Have a question about this project? Sign up for a free GitHub account to open an issue and contact its maintainers and the community.

By clicking “Sign up for GitHub”, you agree to our terms of service and privacy statement. We’ll occasionally send you account related emails.

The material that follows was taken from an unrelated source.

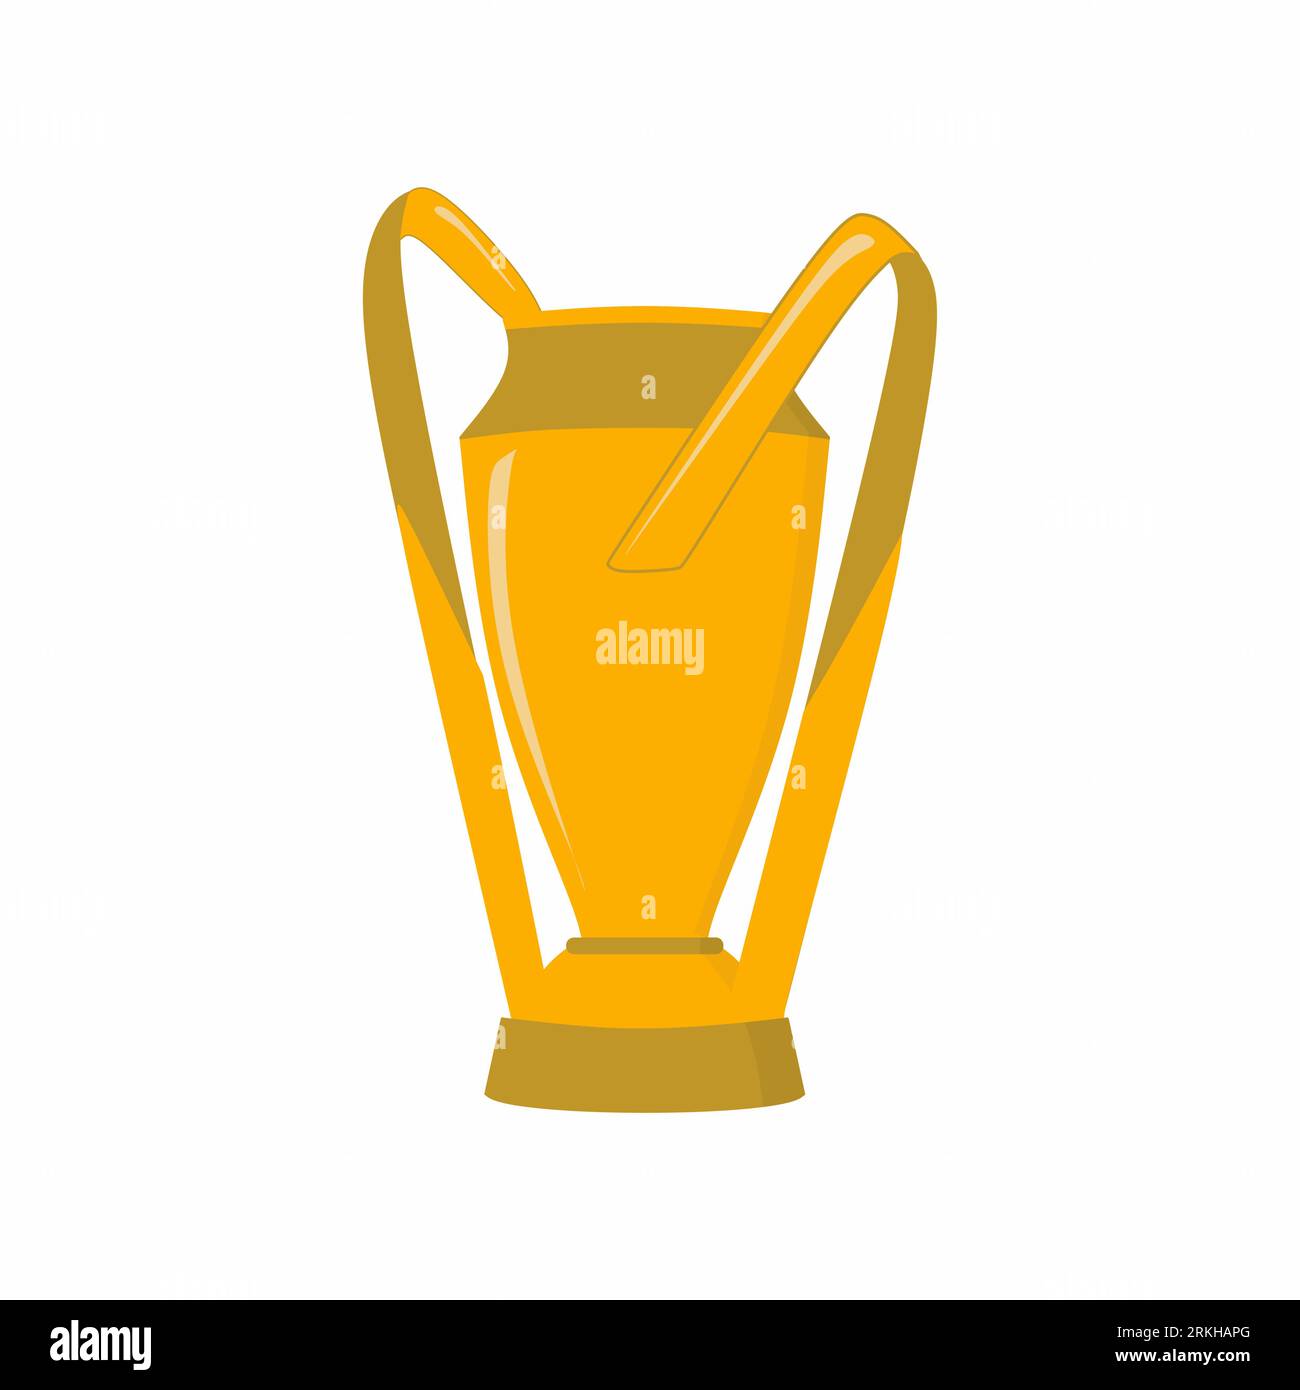 Major League Soccer cup trophy cartoon icon design isolated on white background. Premier professional soccer league in the United States and Canada. C Stock Vector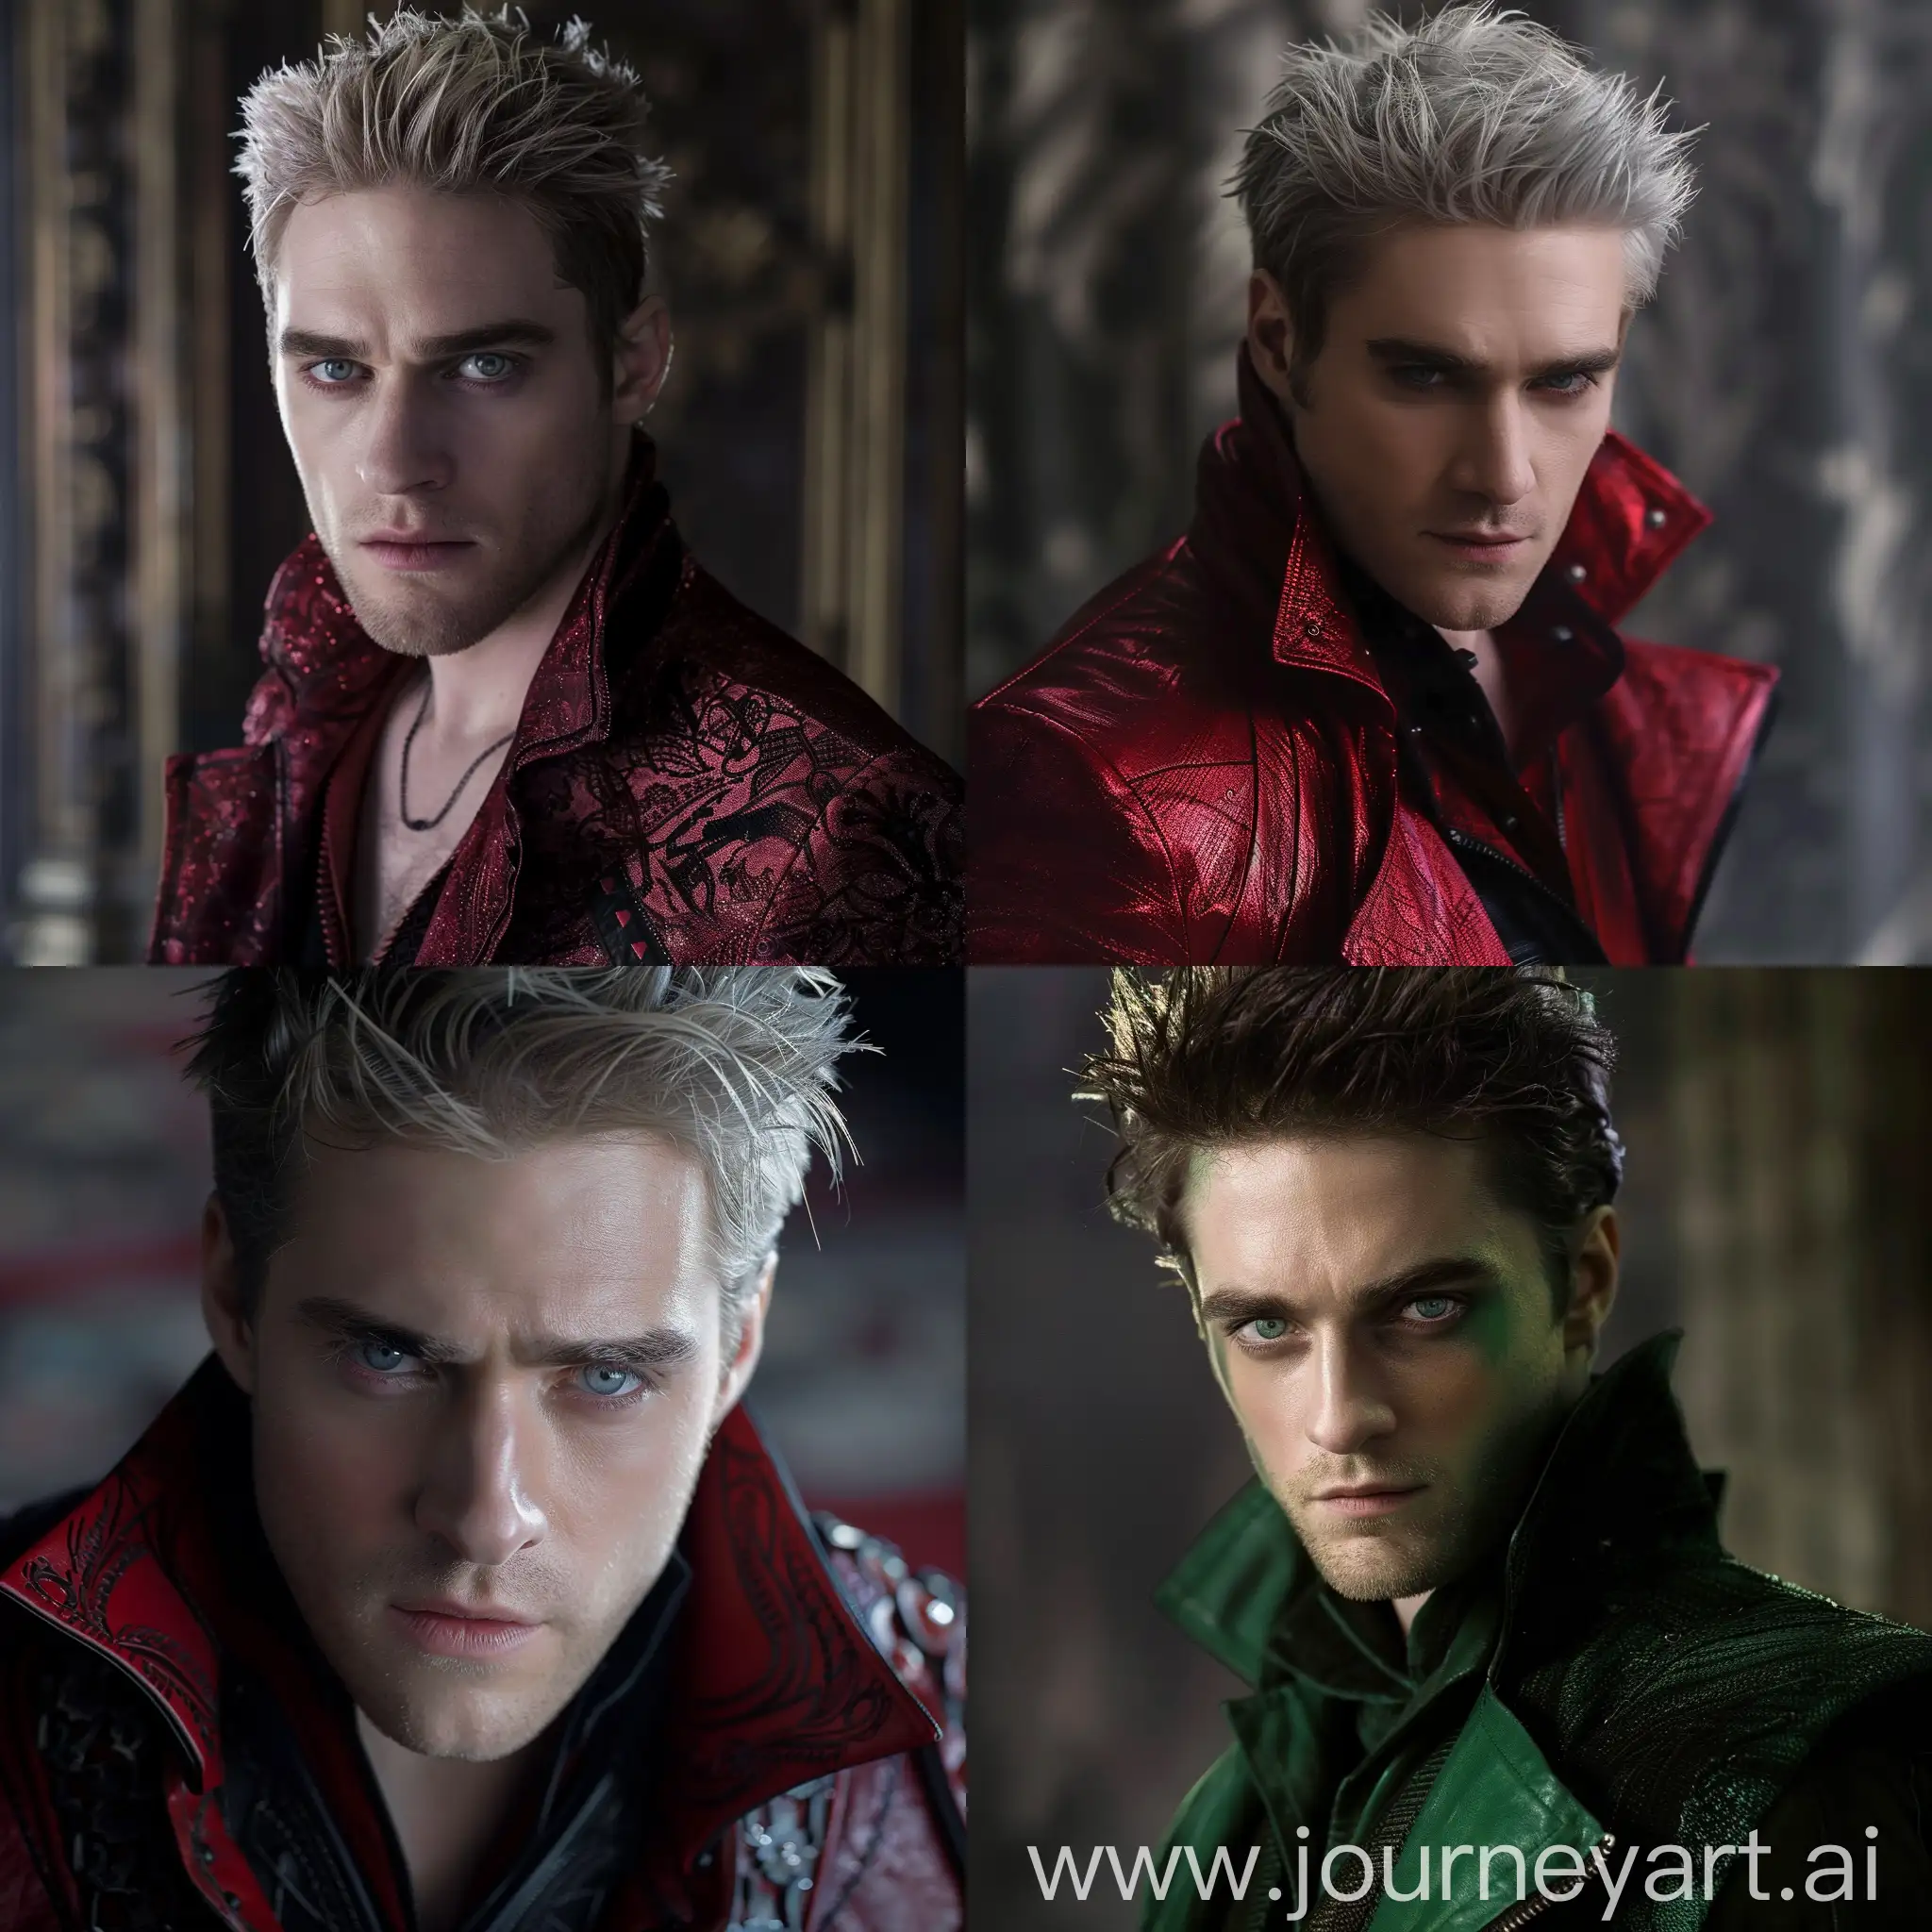 Robert-Pattinson-as-Vergil-from-Devil-May-Cry-Intense-Action-Portrayal

Already on GitHub? Sign in to your account

Improve substring search performance for corner cases #11

Open
bluss opened this issue Jul 29, 2015 · 24 comments
Open

Improve substring search performance for corner cases #11

bluss opened this issue Jul 29, 2015 · 24 comments

Comments

@bluss
Copy link
Contributor

bluss commented Jul 29, 2015

I've subjected jetscii 0.3.1 to a benchmark suite of just a few pathological examples for substring search.

_jetscii benches very well_, there's just evidence of pathlogical cases

Result (may be noisy, i.e. individual benchmarks may be flukes)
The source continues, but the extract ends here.